▶ [Task objective] So that the copy stays text only, transcribe the data below exactly and exclude the images.

▶ [Supplied information]
Segment Open
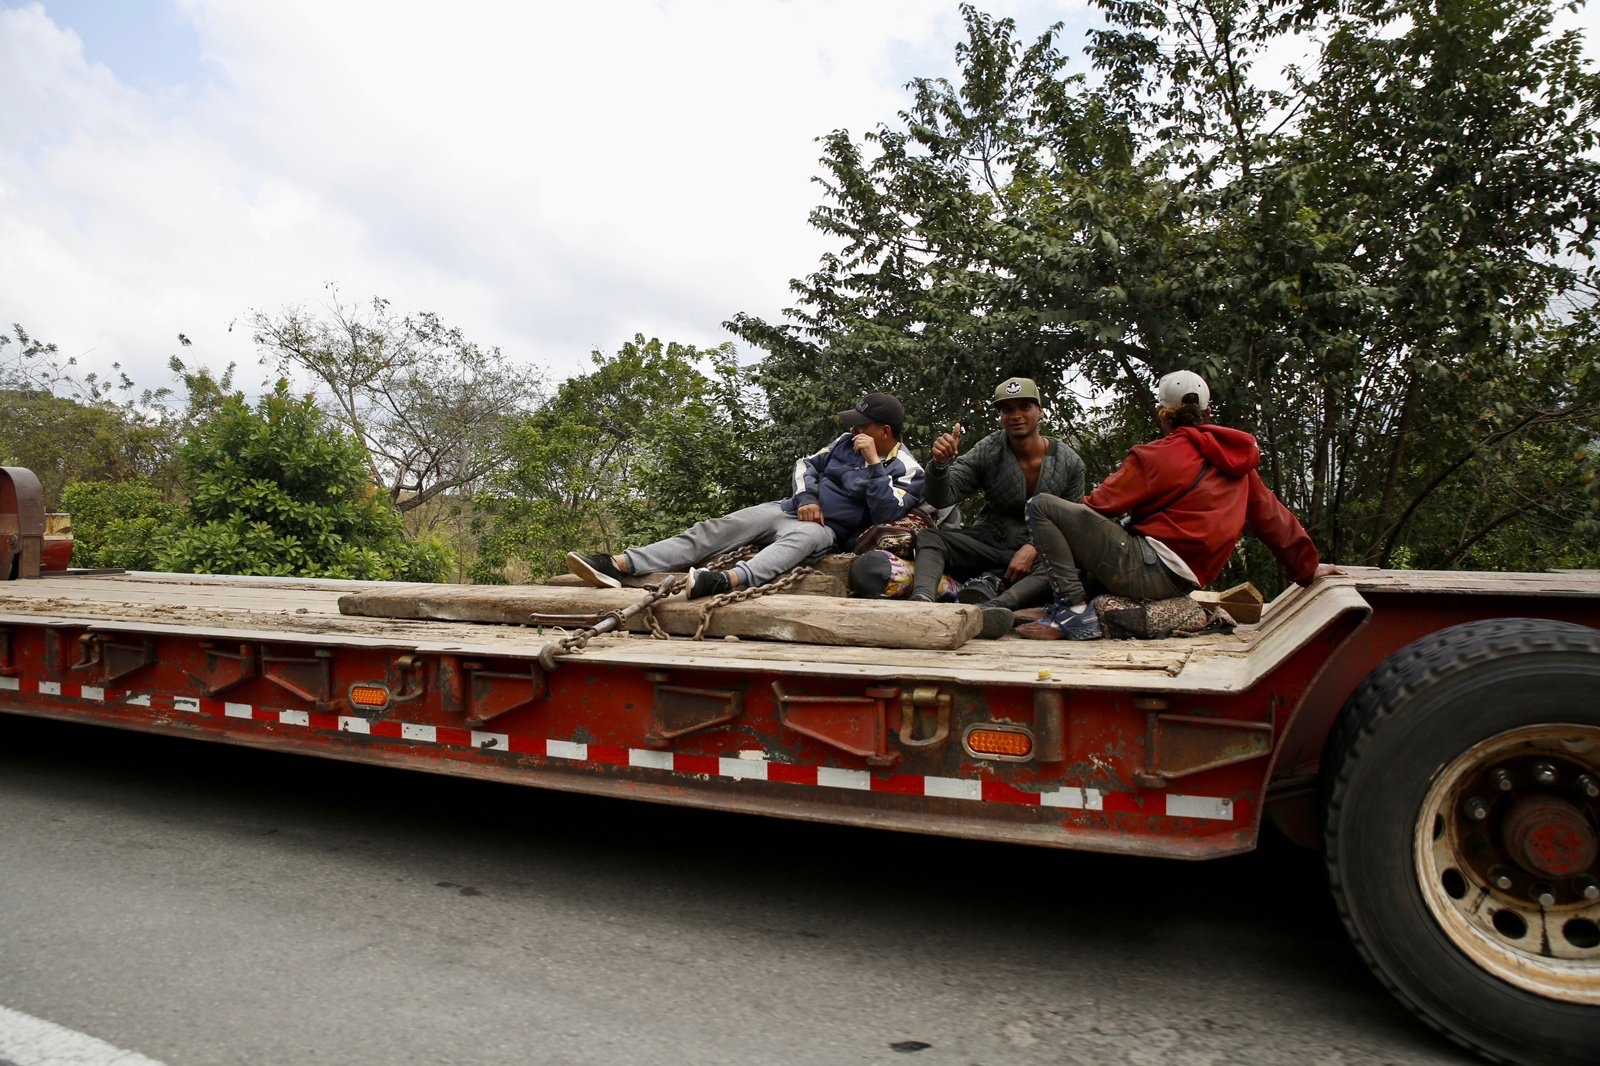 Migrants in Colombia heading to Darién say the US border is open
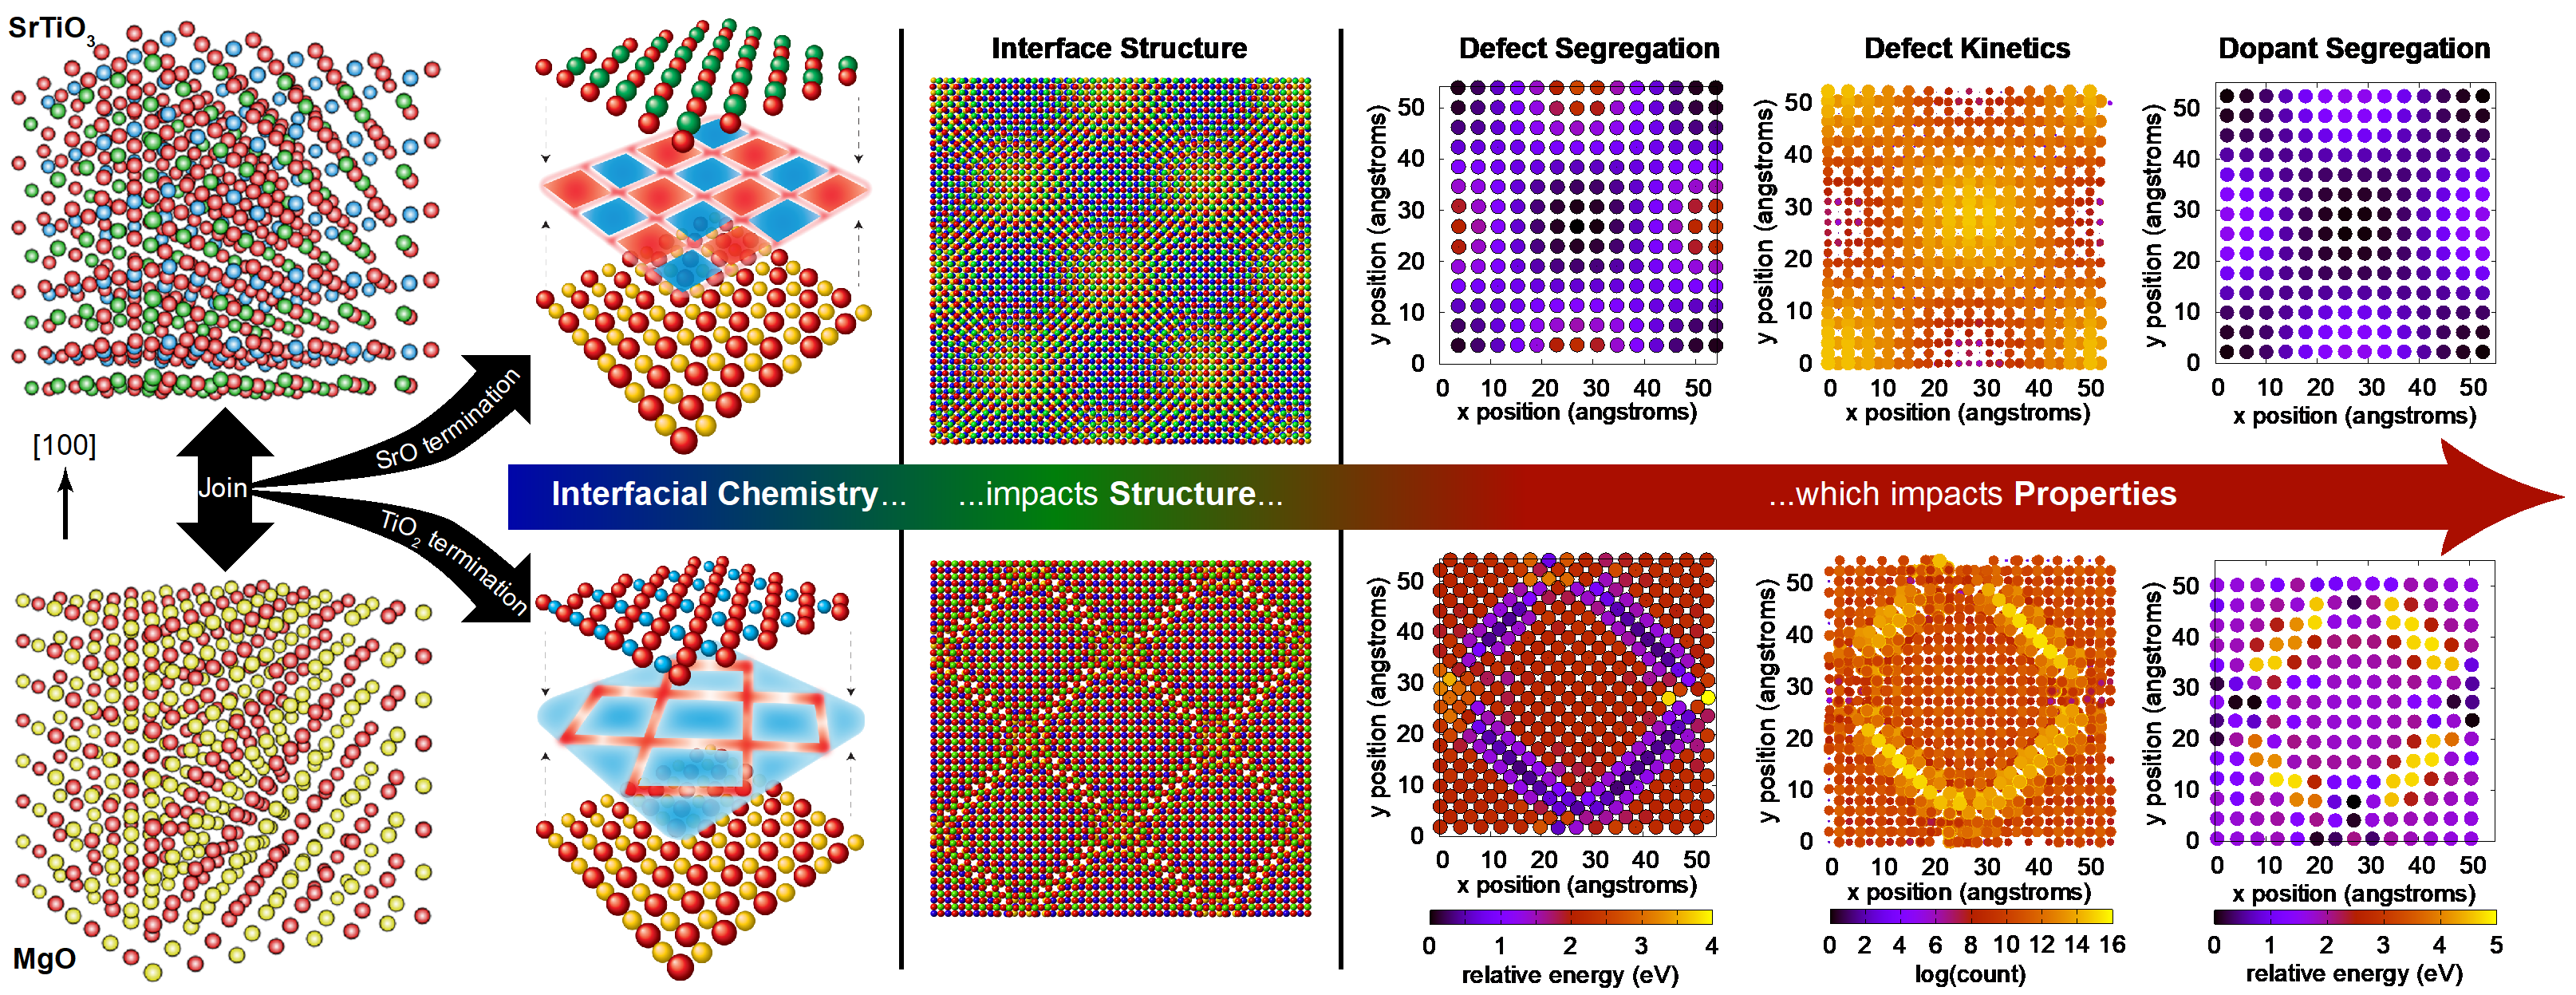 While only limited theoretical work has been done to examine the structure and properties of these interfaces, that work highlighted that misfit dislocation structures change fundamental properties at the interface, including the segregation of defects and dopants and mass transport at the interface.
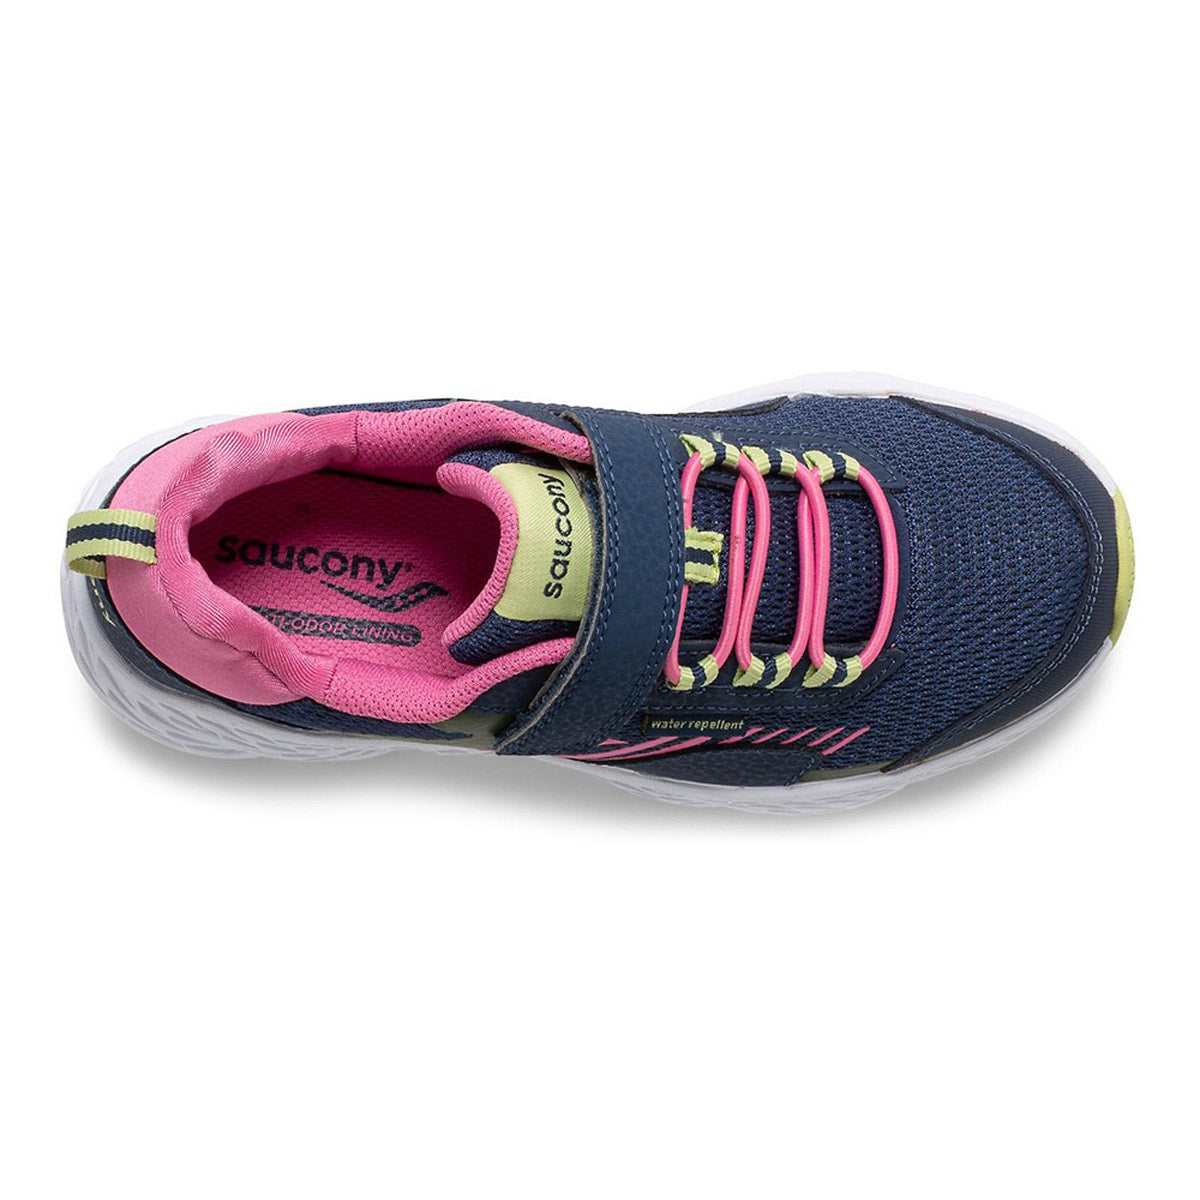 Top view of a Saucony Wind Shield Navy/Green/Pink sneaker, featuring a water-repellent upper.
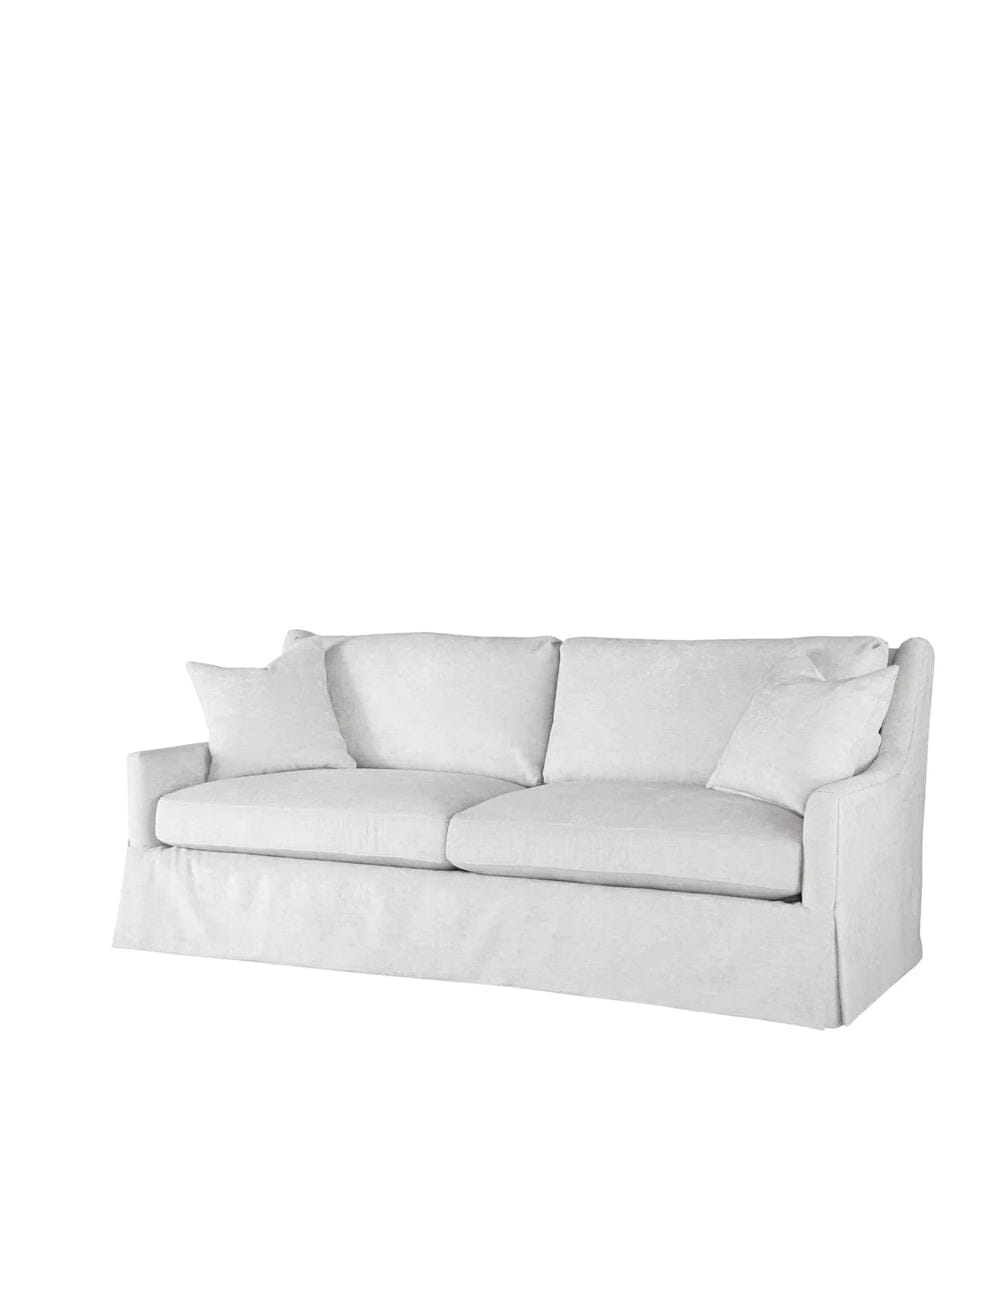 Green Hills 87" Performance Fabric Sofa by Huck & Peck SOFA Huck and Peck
Segment Closed
▶ [Output of the task]
 Migrants in Colombia heading to Darién say the US border is open
 While only limited theoretical work has been done to examine the structure and properties of these interfaces, that work highlighted that misfit dislocation structures change fundamental properties at the interface, including the segregation of defects and dopants and mass transport at the interface.
 Top view of a Saucony Wind Shield Navy/Green/Pink sneaker, featuring a water-repellent upper.
 Green Hills 87" Performance Fabric Sofa by Huck & Peck SOFA Huck and Peck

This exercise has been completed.